Connection between Representer Theorem and Mercer's Theorem?

477 Views Asked by At

In my studies about Reproducing Kernel Hilbert Spaces (RKHS) I came across a bit of confusion as to what kind of functions are defined in this RKHS $\mathcal{H}$. Specifically, the Representer Theorem and Mercer's Theorem both seem to provide conflicting definitions for the kind of functions in this space. Assume in the following $x \in \mathcal{X} \in \mathbb{R}^d$, $a \in \mathbb{R}$, $\lambda \in \mathbb{R}$, $n\in \mathbb{N}$, and that $k(x,x')$ is positive definite.


1) In the representer theorem, the RKHS $\mathcal{H}$ seems to contain functions $f$ of the form:

$$f(\cdot)=\sum^{n}_{i=1}a_ik(\cdot,x_i)$$ $$f(x)=\sum^{n}_{i=1}a_ik(x,x_i)$$ Equation 1

which apparently permits use of the reproducing property:

$$f(x)=\langle k(\cdot,x),f(\cdot) \rangle$$

So far so good.


2) If we use Mercer's Theorem, we can start with the spectral decomposition of the kernel:.
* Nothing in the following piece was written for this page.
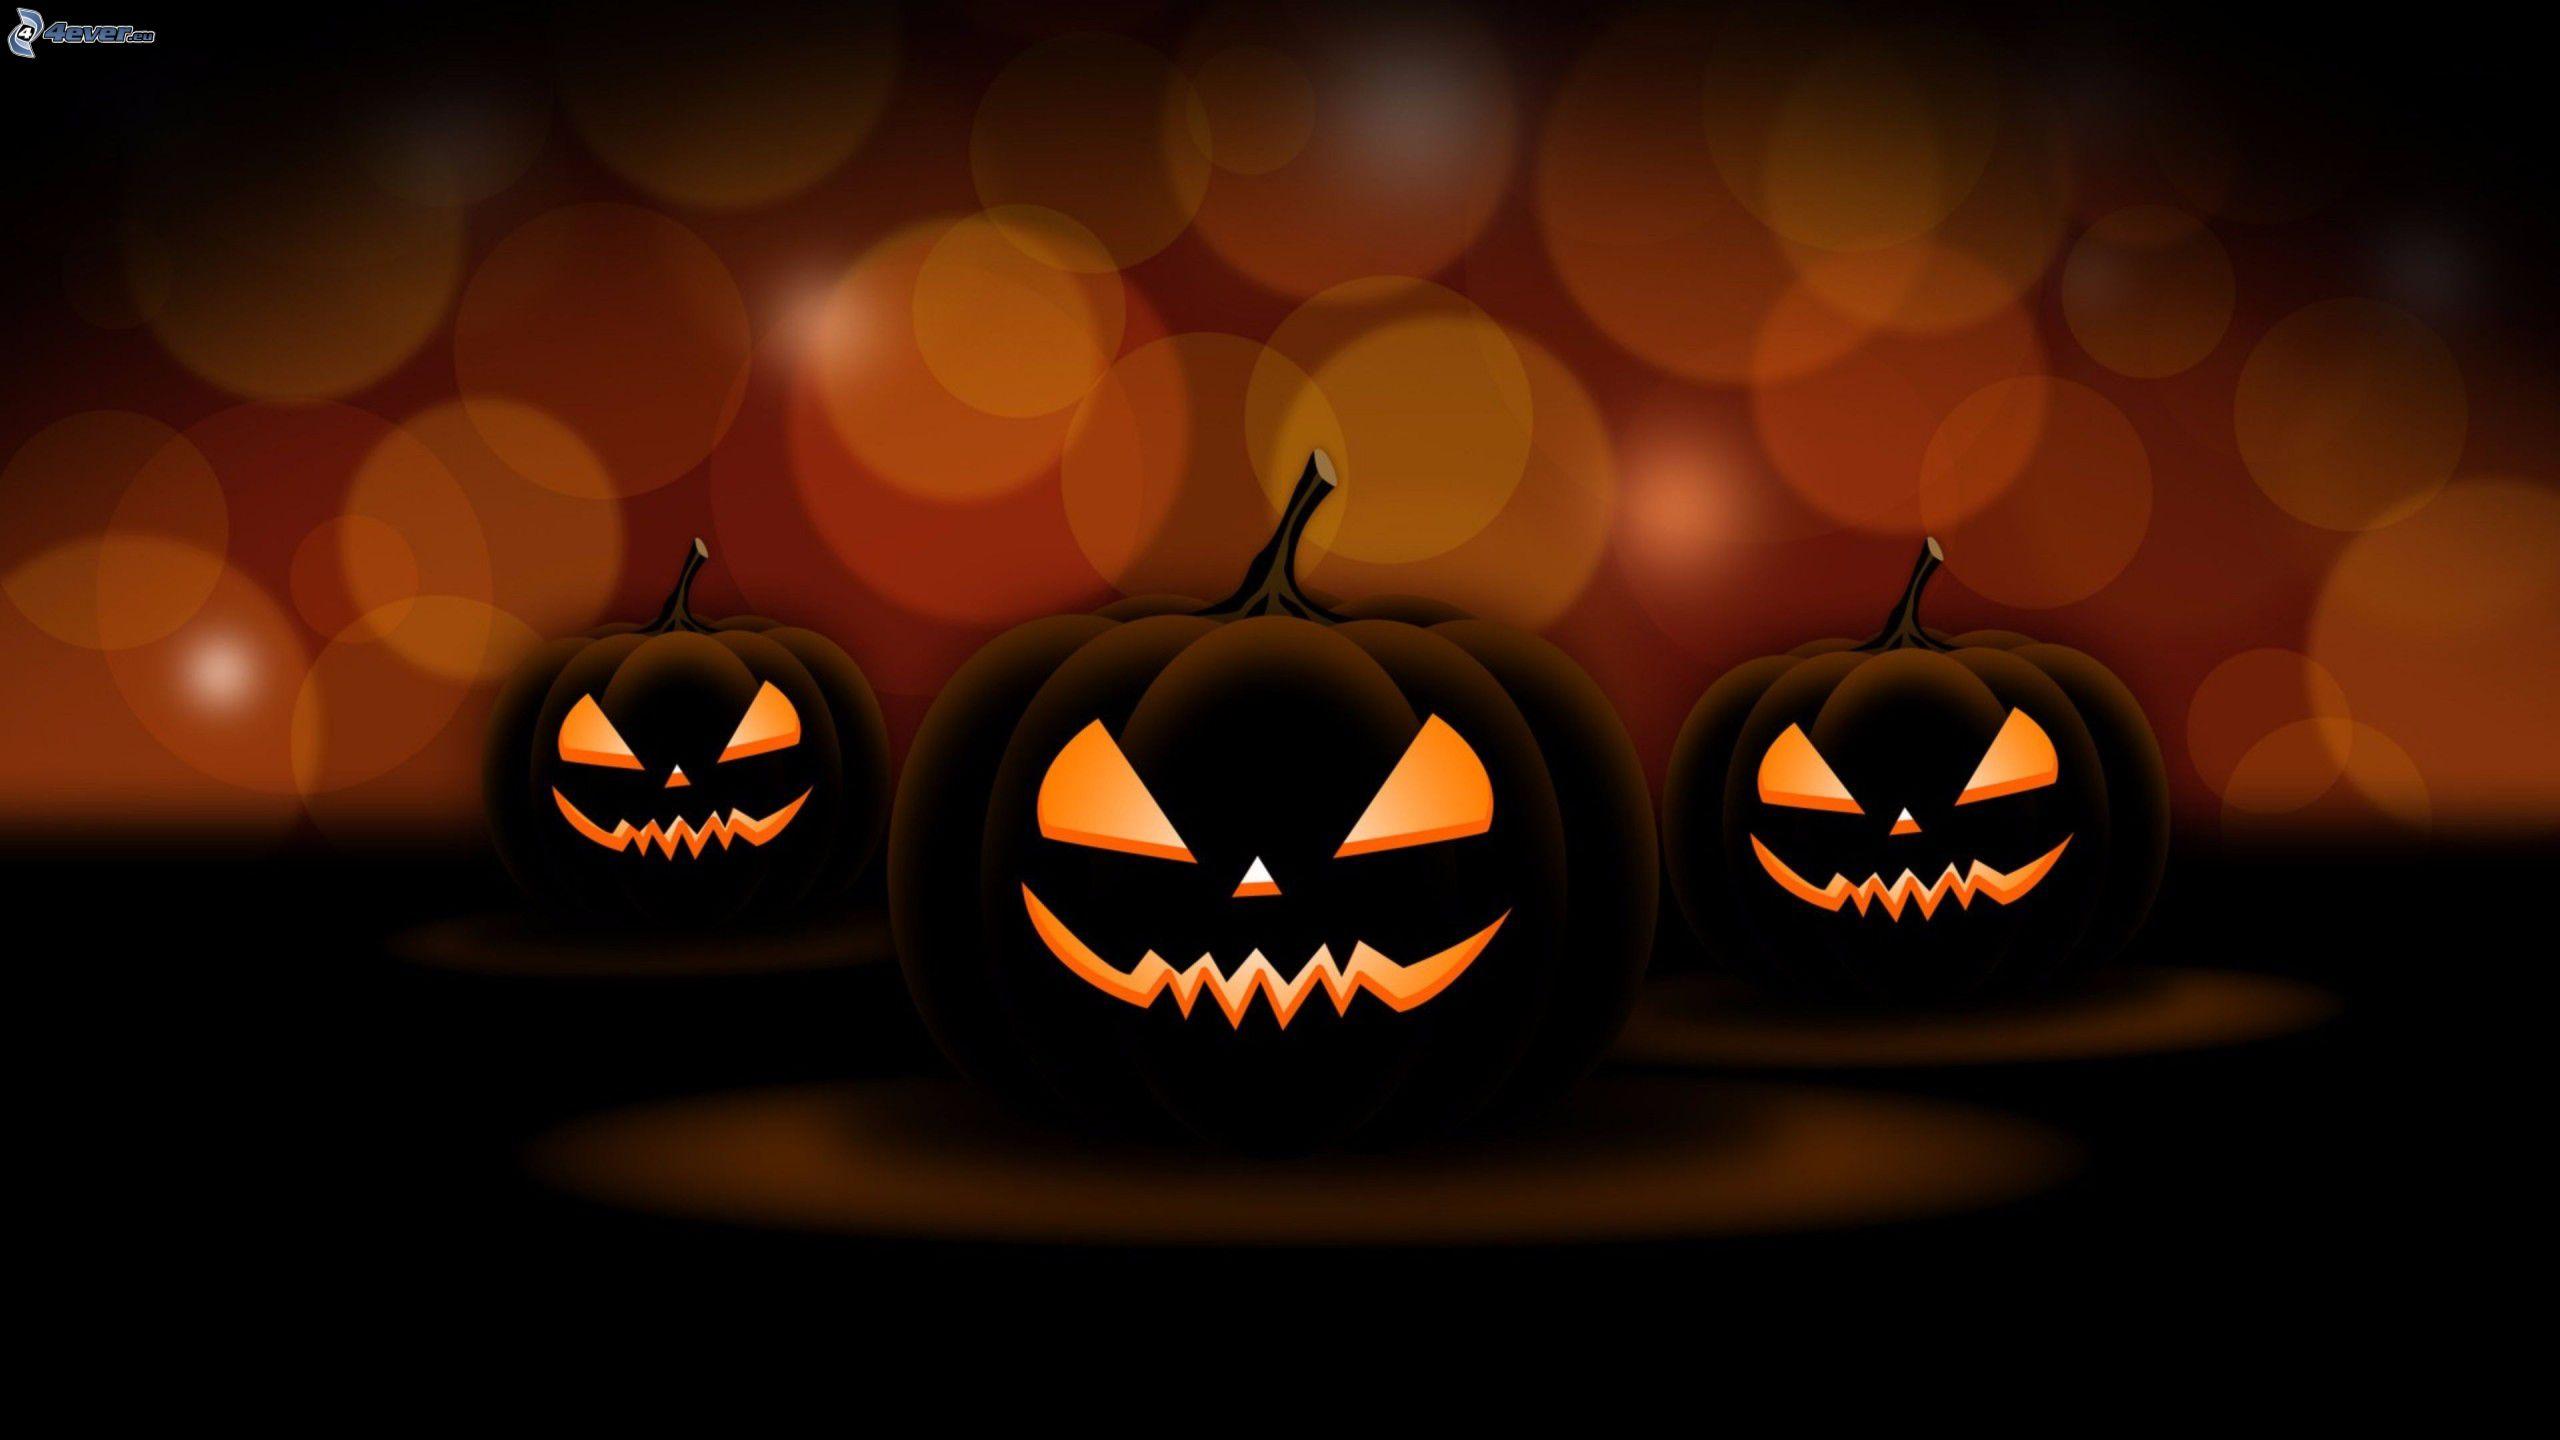 Zucche Di Halloween Cartoni Animati.Zucche Di Halloween

$$k(x,x')=\sum_{j=1}^{\infty}\lambda_je_j(x)e_j(x')$$

where $\lambda_j$ are the eigenvalues and $e_j$ the eigenfunctions of the decomposition. If we then consider the following vectors... $$k(x,\cdot)=[\sqrt{\lambda_1}e_1(x),...,\sqrt{\lambda_{\infty}}e_{\infty}(x)]^T$$ $$k(\cdot,x')=[\sqrt{\lambda_1}e_1(x'),...,\sqrt{\lambda_{\infty}}e_{\infty}(x')]^T$$ $$f(\cdot)=[\frac{a_1}{\sqrt{\lambda_1}},...,\frac{a_{\infty}}{\sqrt{\lambda_{\infty}}}]^T$$

...we can also define functions, but this time:

$$f(x)=\sum^{\infty}_{i=1}a_ie_i(x)$$ Equation 2

for which the reproducing property also holds:

$$f(x)=\langle k(\cdot,x),f(\cdot) \rangle$$


Obviously Equation 1 and Equation 2 seem different, but both describe functions defined in a RKHS, only that each RKHS seems to be finite in the case of the Representer Theorem (or infinite, if the cardinality of the set $\mathcal{X}$ is infinite) and infinite in the case of Mercer's Theorem (with each basis vector corresponding to an eigenfunction of the kernel).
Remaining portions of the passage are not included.